When smooth nuke power promoter Don Gillespie hit the airwaves and pages of the local media with plans for an electricity generating nuclear plant near Bruneau along the Snake River, he didn’t spark much opposition—especially since Jeremy Maxand rolled out of the Snake River Alliance office for greener pastures.
With potential cooling towers on the horizon west of Boise near Payette, the nuclear battle is about to generate steam—especially since opponents are claiming citizens will pay for costly insurance and give investors a financial pass in the event of a Three Mile Island or China Syndrome event. AND the prime benefactor will be those pesky Californians who gobble up kilowatts made in Idaho…a new twist on “Buy Idaho?”
A GUARDIAN GUEST POST
By Jo Kirkpatrick, PhD
Anthropologist and Researcher
A proposed nuclear power plant being studied, northwest of Boise in Payette by Pacificorp would be upwind of Boise. Its radioactive emissions would travel directly toward the city.

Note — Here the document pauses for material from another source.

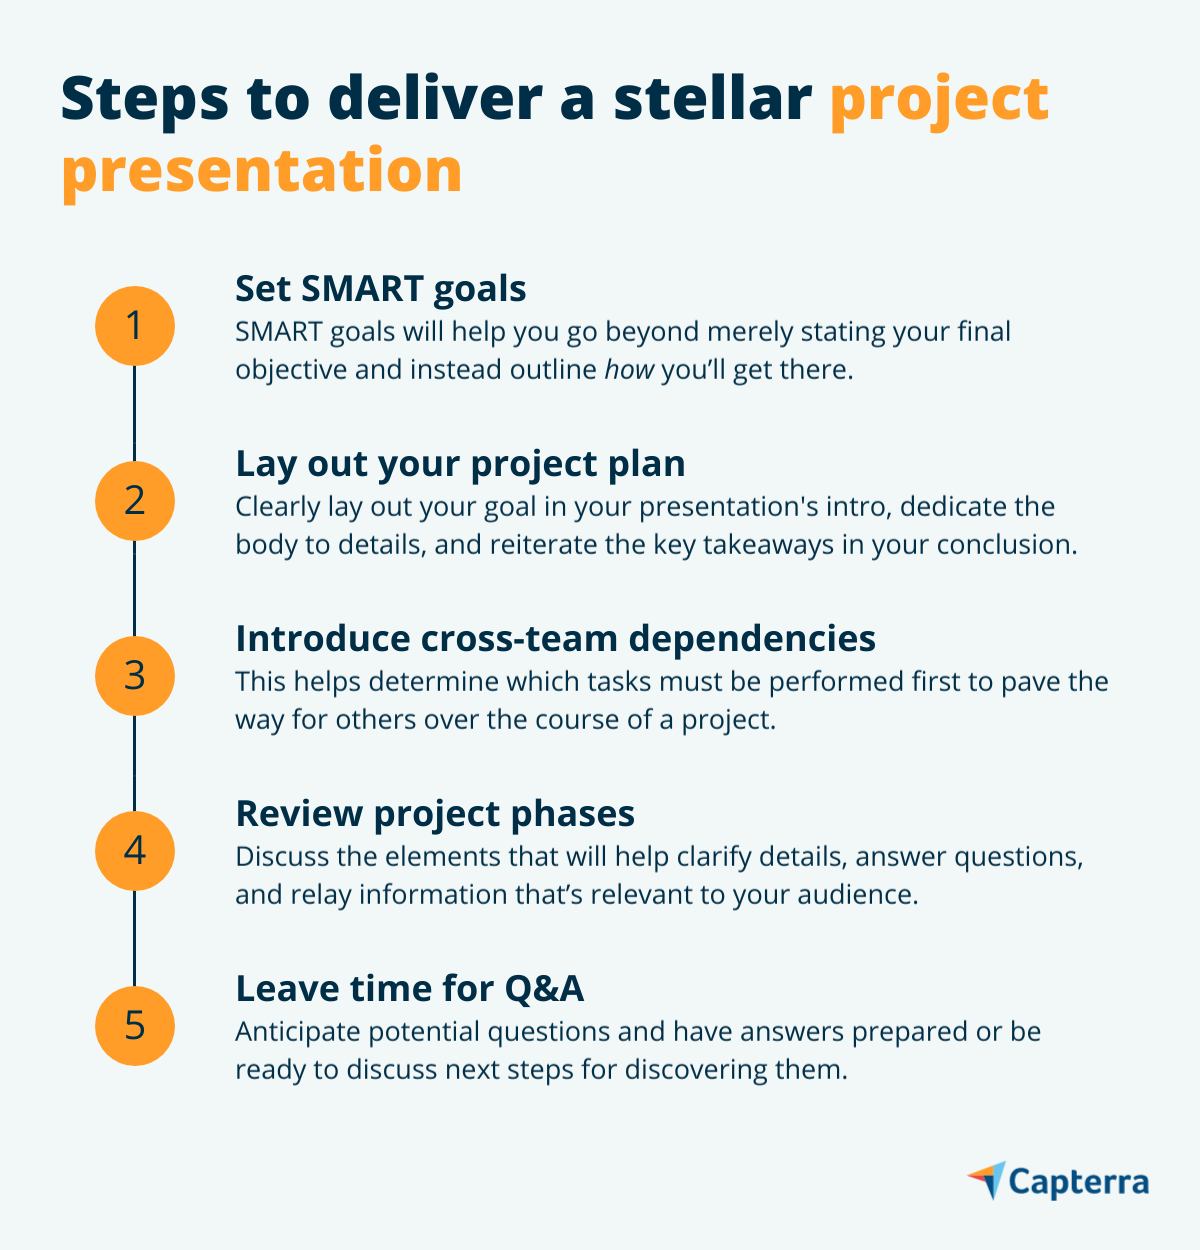 Project presentation steps infographic for the blog article "How To Deliver a Project Presentation Like a Pro"

If built, it could be Idaho’s third nuke plant, after the Bruneau proposal and a commercial nuclear power plant already scheduled for the Idaho National Lab. Currently there are no commercial nuclear generating facilities in the state, despite a bunch of reactors at the 800 square mile National Lab near Arco.
These private merchant plants sell to the highest bidders, so unless Idaho out-pays California (not likely), all this power can be sold out of state while our citizens pay the price of living near the plants. Nuclear power, contrary to Gillespie’s line, is the most expensive form of energy generation, with taxpayers paying the price of magnanimous subsidies, backed by the DOE and paid for by fat-wallet energy lobbies in Congress.
Here are some facts:
–Nuclear power, contrary to Gillespie’s line, is THE most expensive form of energy generation. Because of the Price Anderson Act, severe accidents are insured by the US government, by us, the taxpayers. The industry does not have to buy big accident insurance. This is a gigantic subsidy. Remember Three Mile Island? Here are the facts about the Price Anderson Act:
–Limited Liability: The Price-Anderson Act, enacted in 1957 as a temporary, 10-year measure to support the fledgling nuclear industry, limits the amount of primary insurance that nuclear operators must carry to $300 million and caps the total liability of nuclear operators in the event of a serious accident or attack to $10.5 billion. A serious nuclear accident, either caused by plant defects, or by a terrorist attack, could cost more than $600 billion in 2004 dollars, (much more today). Boise and all neighboring areas banned from habitation could not be replaced, nor the cancers caused by such an event, cured.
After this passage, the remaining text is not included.